Robert Fisher - The Painter-Man of William Creek, Outback South Australia
As ‘the Painter Man of William Creek’, Robert Fisher is
celebrated there, in Outback style, -one of his paintings is displayed on the
ceiling of the bar in the William Creek Hotel.
Fisher’s studio is at Trevor Wright’s place, and
“Wrightsair” is the William Creek based tourist operation which, during the
last seven years, has flown this adventurous modern artist on his wide-ranging
and movie-recording search over these most ancient Australian outback lands, for
subjects to feature in his paintings.
Over the millennia, Nature’s elemental energies have
stormed, worn, torn and crumpled the crust of our aged planet, and here in
Australia’s centre has exposed the
world’s oldest land mass.
The hugely dynamic sweep and swirl of mountain ranges, the
stretched flat plains between, and the snake-like convolutions of the rivers,
have been traversed and recorded by Robert Fisher during all seasons, in ‘the
Dry’ and in ‘the Wet’.
This deeply weathered land-face inspires and inspirits
Robert’s powerful paintings, and their poetic imagery also reveals the artists
particular personal and passionate response to the sense of space, and richness
of place in this environmentally heroic outback.
His works have included the mystical Ayer’s Rock (Uluru),
the tumbled Olgas (Kata Tjuta) and the vast salt-surfaced spread of Lake Eyre.
Australians respect the land-forming legends of our
Aboriginal peoples and their Ancestral Beings, as told in the lore and laws of
Tjukurpa, the Aboriginal mythology.
Fisher’s evocative and sensitive works are an aesthetic
response to the shaping forces of Nature and to sense of place, sympathetic with
that which finds spiritual association and expression in the Aboriginal legends.
In his “Lightning Strike” series Fisher remarkably
depicts the mood and majesty of sky-scapes, capturing the sudden electrical
illumination of the land in a powerful storm.
After a lightning-lit, thundering outback deluge, the next
night’s moon can loom brilliantly large in the clear blue-black space about
it, and Fisher’s spatially surrealist “Lunar Landscapes” are among his
most compelling works.
A remarkable feature of the southern outback and a
particular focus of interest for Robert Fisher is Lake Eyre.
The Lake is an enormous central sink to which eventually
drain the far north-eastern rivers, swollen and bank-bursting from the annual
“Big Wet”. Thus briefly watered,
at times to three quarters full, the
lake soon dries to a vast salt-surfaced sun-reflecting blaze of white.
During October last, Fisher flew Lake Eyre by day and by
night, storing impressions to depict in works expressly for the New York show,
held in February 2003, the works were vibrant depictions of the salt lake
and its spatial skyscapes, of sudden violent rain storms, and of moon-silvered
nightscapes.
Few painters attempt such nocturnes, but the moon has a
magical presence in Fisher’s repertoire, dramatically captured in a series
recording Australia’s historic 2002 outback Solar Eclipse.

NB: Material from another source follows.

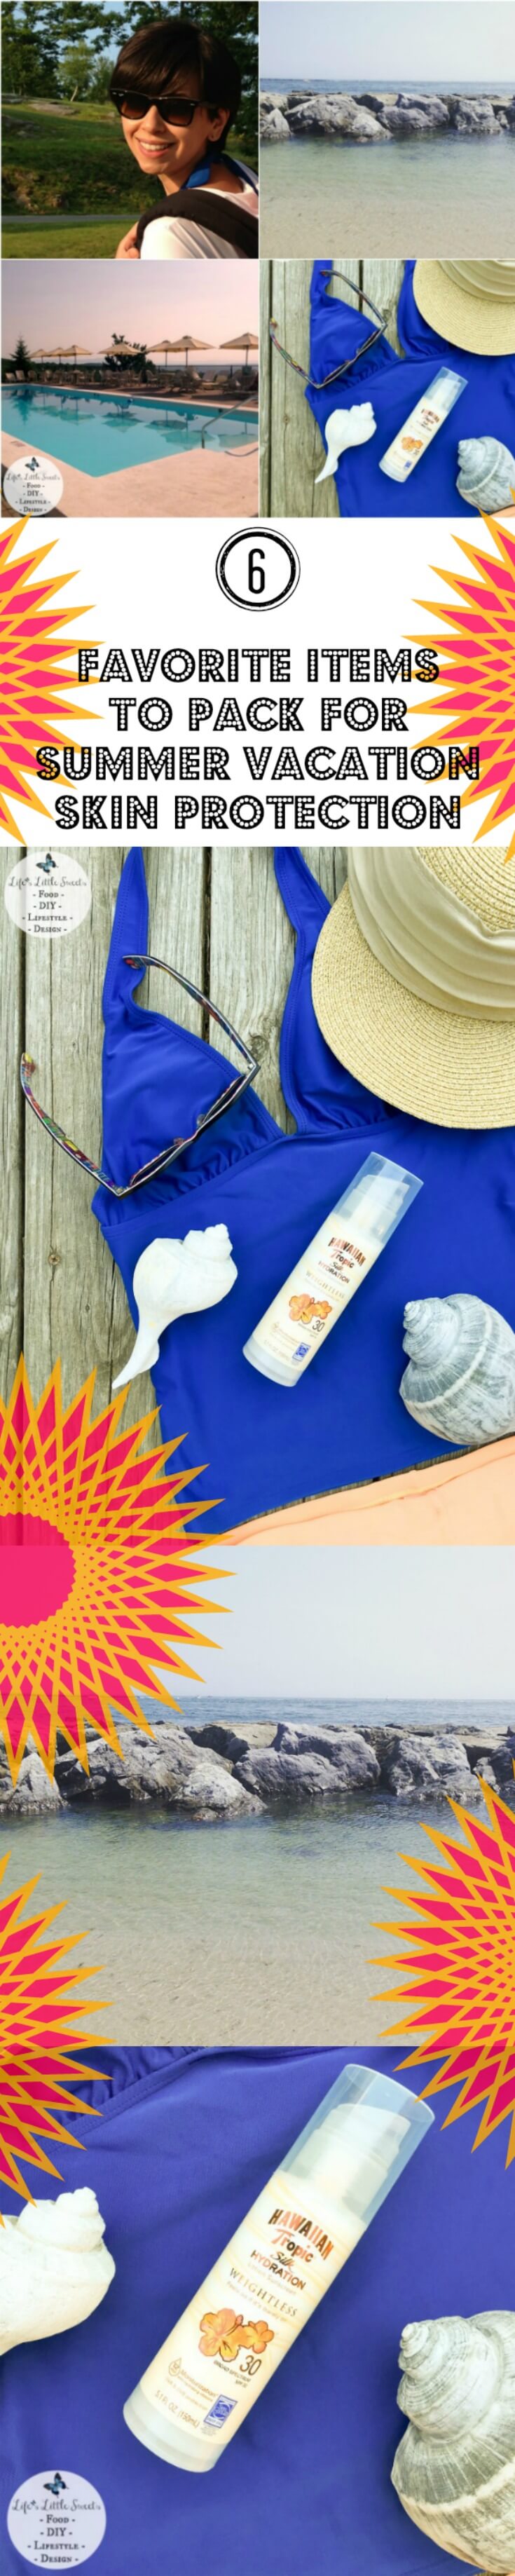 Here are 6 Favorite Items To Pack for Summer Vacation Skin Protection! Check out my favorite sun protection gear that I am bringing on my Summer vacation. I share New Hawaiian Tropic® Silk Hydration Weightless Lotion Sunscreen Pump as apart of what I will be packing for my Summer Vacation Skin Protection! Check out some photos of some of the places where I will be going! #CollectiveBias #ad #SummerSunCare

In a series of sparse, darkly elegant portrayals, Fisher
shows that for a fleeting second the moon is a purple-black disc, suspended
between sun and dim-lit Earth, the Sun’s violent fires seen as a flashing halo
about the moon-disk’s edge.
Earlier this year, a team of geologists visited the
precincts of Lake Eyre, investigating the evolutionary development of the
ancient lands formation.
Despite a rib-breaking incident the day before, our
strapped-together artist accompanied the geologist team on a 700km 5 day truck
trek, over rattlingly rough terrain – and later pictorially told the tale of
the trip.
At a distance from the Lake Eyre’s edge, and seen from on
high, are the fuselage remains of a very evidently unsuccessful low flying
aeroplane adventure of many years ago, and Robert’s depiction of this unusual
episode can be seen in his works. A
sombre sculpture, the bent and broken blades of the planes propeller sit in the
William Creek Hotel garden, signalling the abrupt end to the aerial escapade.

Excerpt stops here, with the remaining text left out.